TERRE HAUTE —
Once upon a time, a couple bought a new house in a new neighborhood. They quickly moved in, happy to be living in a better house in a better area. Their first morning in their house, they ate breakfast in their newly decorated breakfast nook when they noticed their elderly neighbor hanging her laundry on the clothesline in her back yard.
“Look at her. I can’t believe she doesn’t have a dryer. Those clothes on the line are not going to make this neighborhood look any better. Besides, those clothes look really dirty. I’ll bet she doesn’t even know how to do laundry correctly. Or maybe she needs to buy better soap.” Her husband looked at their new neighbor, but remained silent.

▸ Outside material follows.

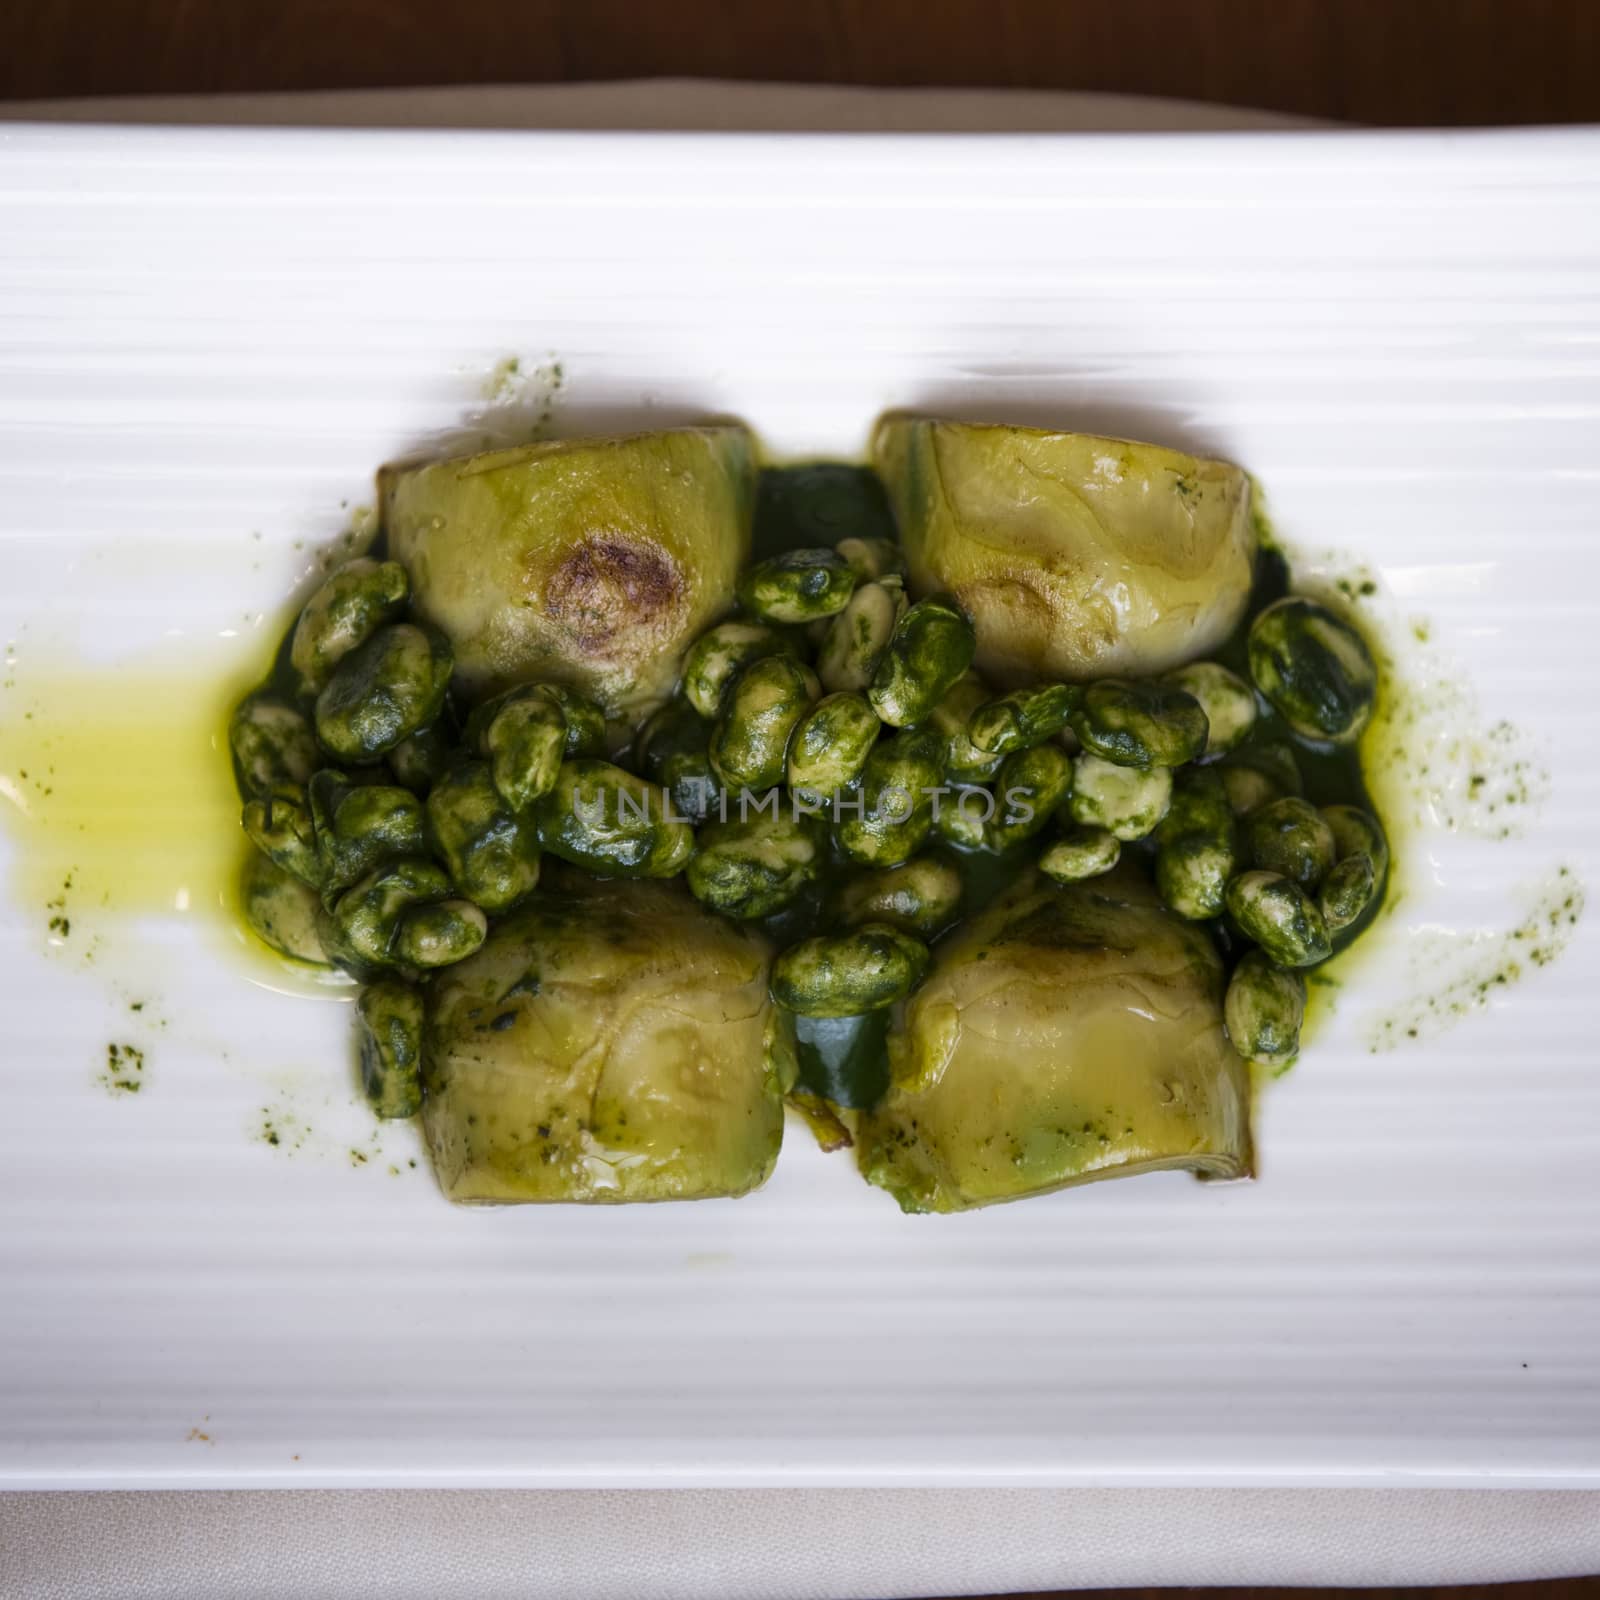 Broad Beans with Spinachs and Artichokes dressed with Olive Oil by Nemida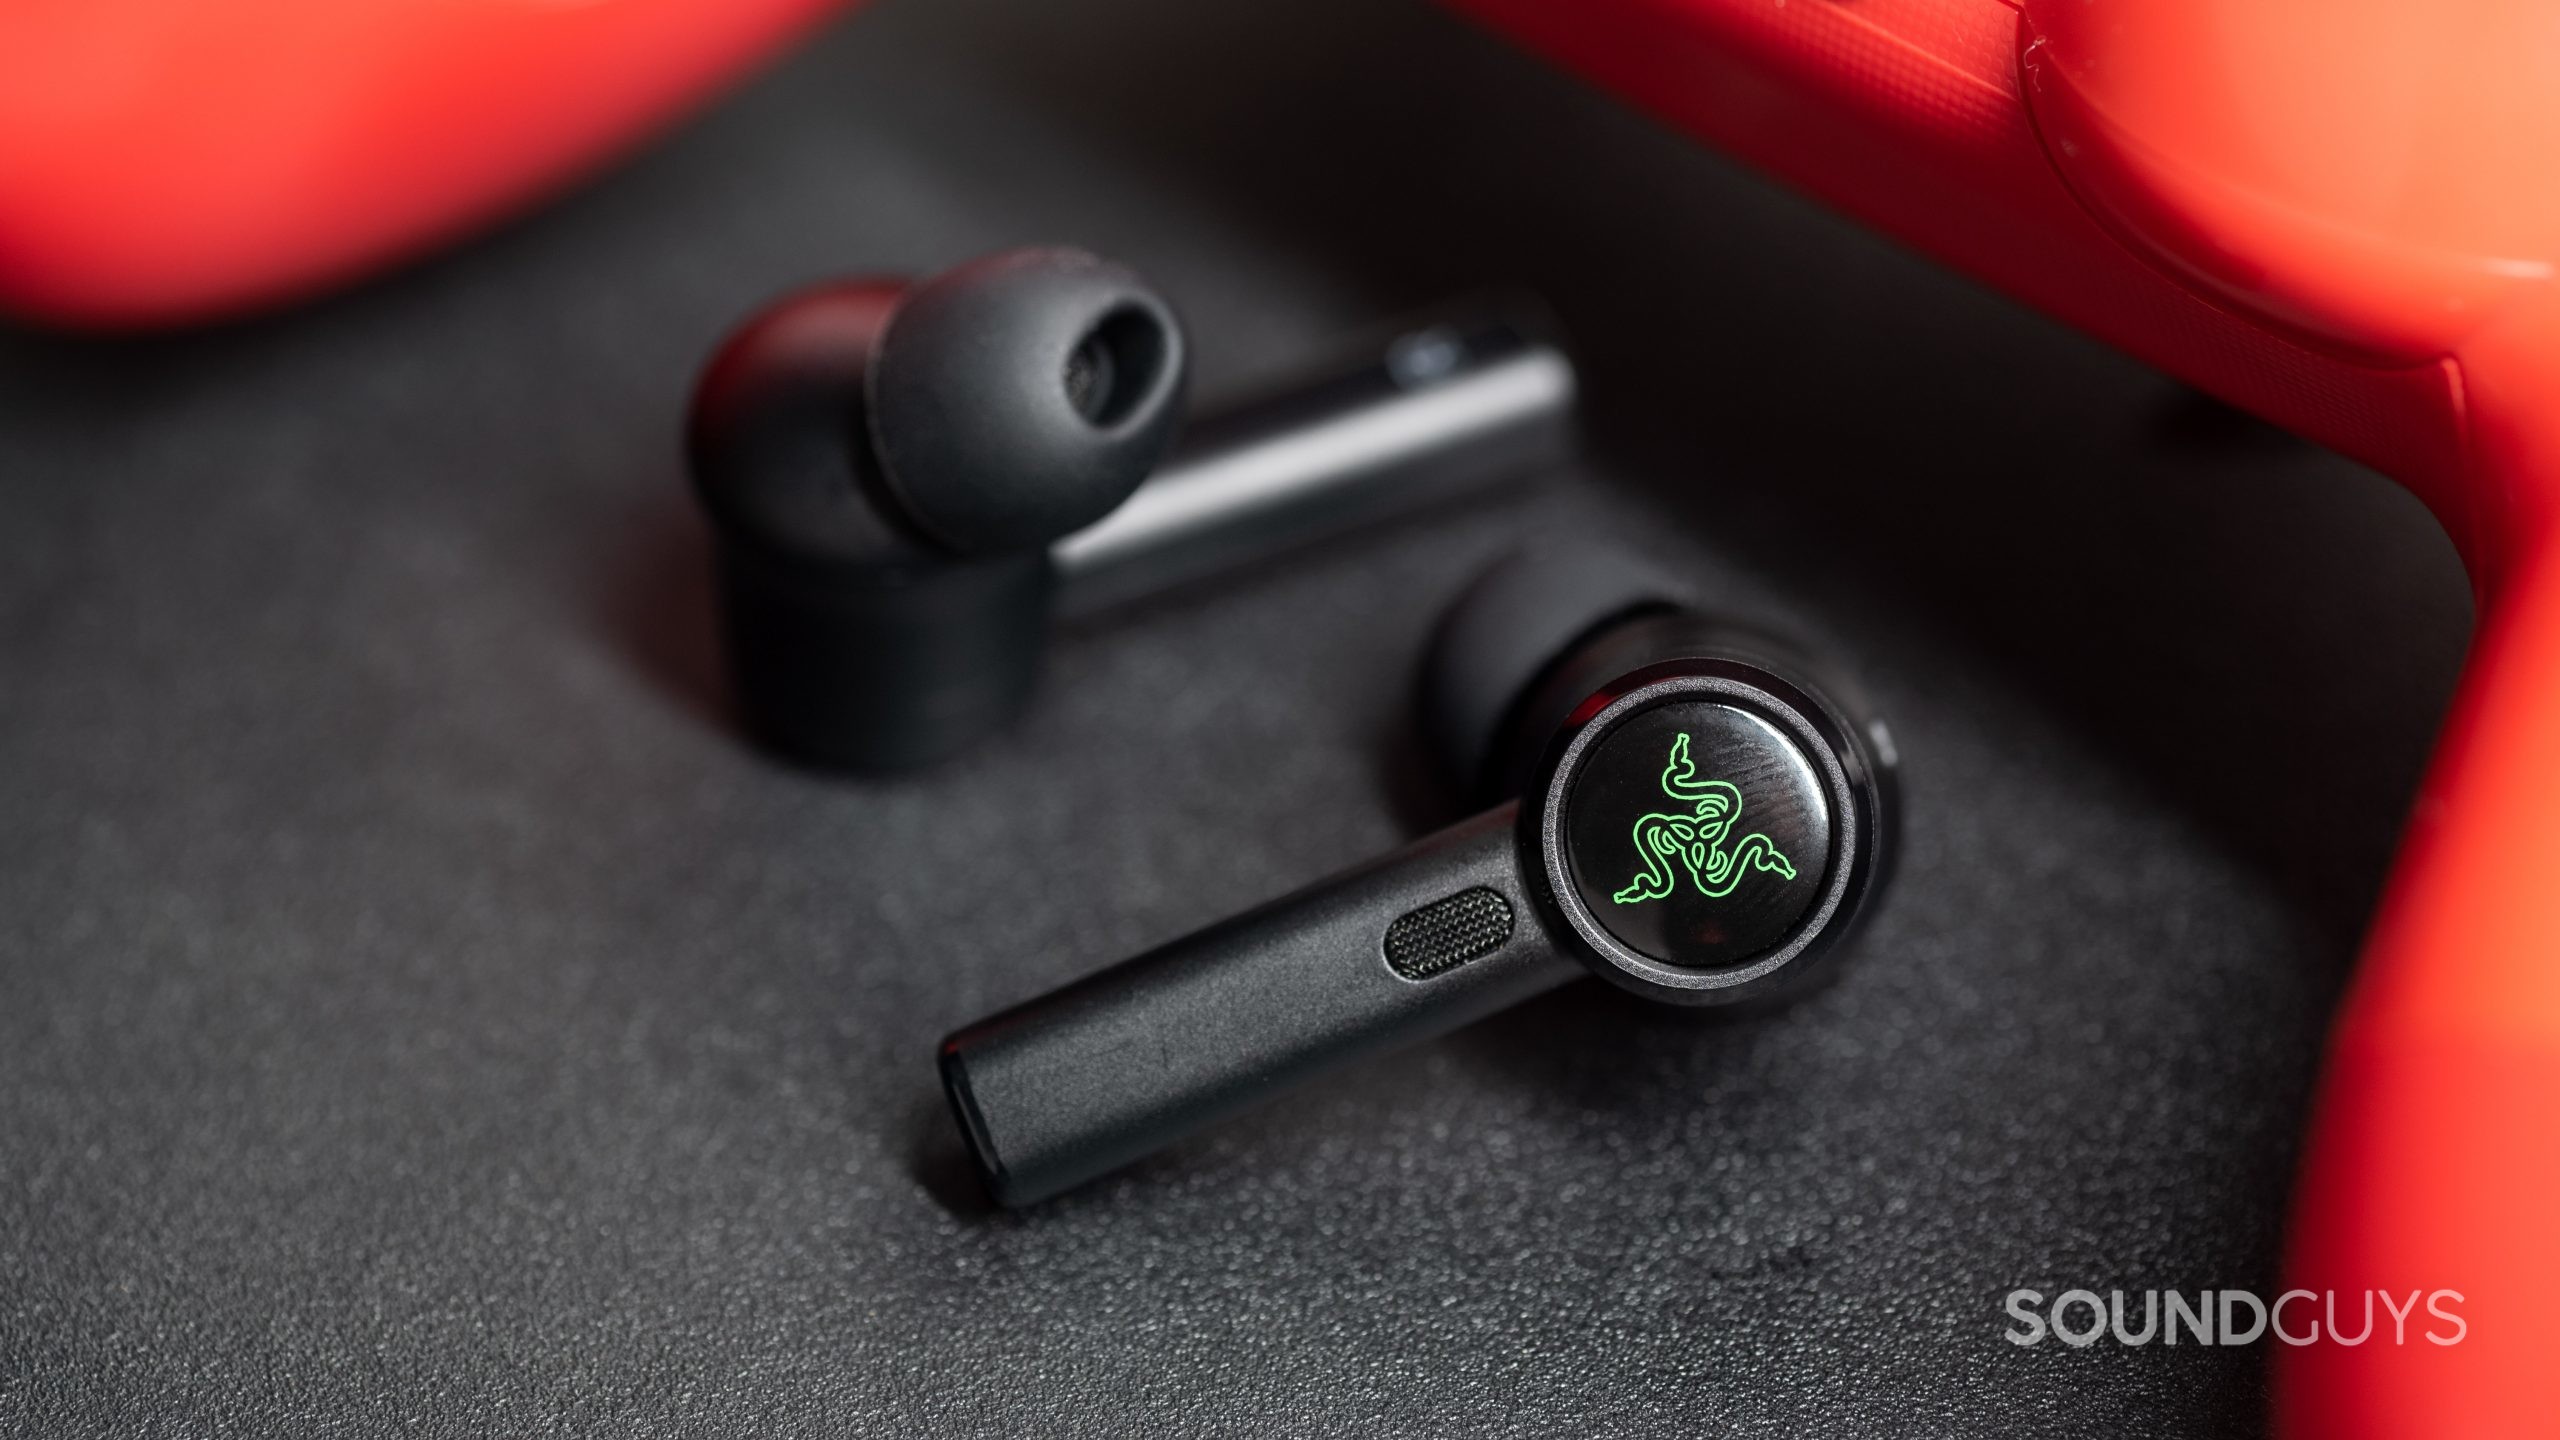 The Razer Hammerhead True Wireless Pro noise canceling earbuds oblong ear tips attached to the buds beneath a PlayStation 4 controller in red.

A couple of days later, their neighbor was again hanging clothes in her back yard. “There she goes again,” said the wife. “I can’t believe her clothes are still so dirty. The poor woman was probably never taught the right way to wash clothes. What a pity.” Again, the husband silently looked out the window.
Early the next week, the couple was at their breakfast nook while their neighbor was again hanging out her laundry. “Well, there’s a surprise,” she said. “Look at how clean her clothes are. I wonder who taught her how to finally do her laundry.”
Her husband merely smiled and said, “Her laundry is just as clean as it always was. I got up early this morning and cleaned our windows.”
This reminds me of the story in 1st Samuel 16. God had told Samuel He no longer wanted Saul as king of Israel. So, he sent Samuel to the house of Jesse to anoint a new king. When Samuel walked in Jesse’s house, he saw Jesse’s oldest son and he assumed this was the new king. But God said no. God also said no to 10 of Jesse’s other sons.
When the youngest of Jesse’s sons came in from tending sheep, the Lord told Samuel, “He is the one.” So Samuel anointed David, and from that day on, the Spirit of the Lord came upon David in power.
David, fresh from the field, smelling of sheep, the youngest of 11 brothers, the most unlikely candidate, was to be the next king of Israel. Because God had told Samuel, “The Lord does not look at the things man looks at. Man looks at the outward appearance, but the Lord looks at the heart.”
“Sometimes we can be a lot like the young woman in the new house, thinking we know better than others. We can even be like Samuel and Jesse, thinking that we make better choices than God.”
I guess it’s important that we remember something. What we see when watching others depends on the purity of the window through which we look. I pray that our windows see what God sees in others — not outward appearances — but the heart.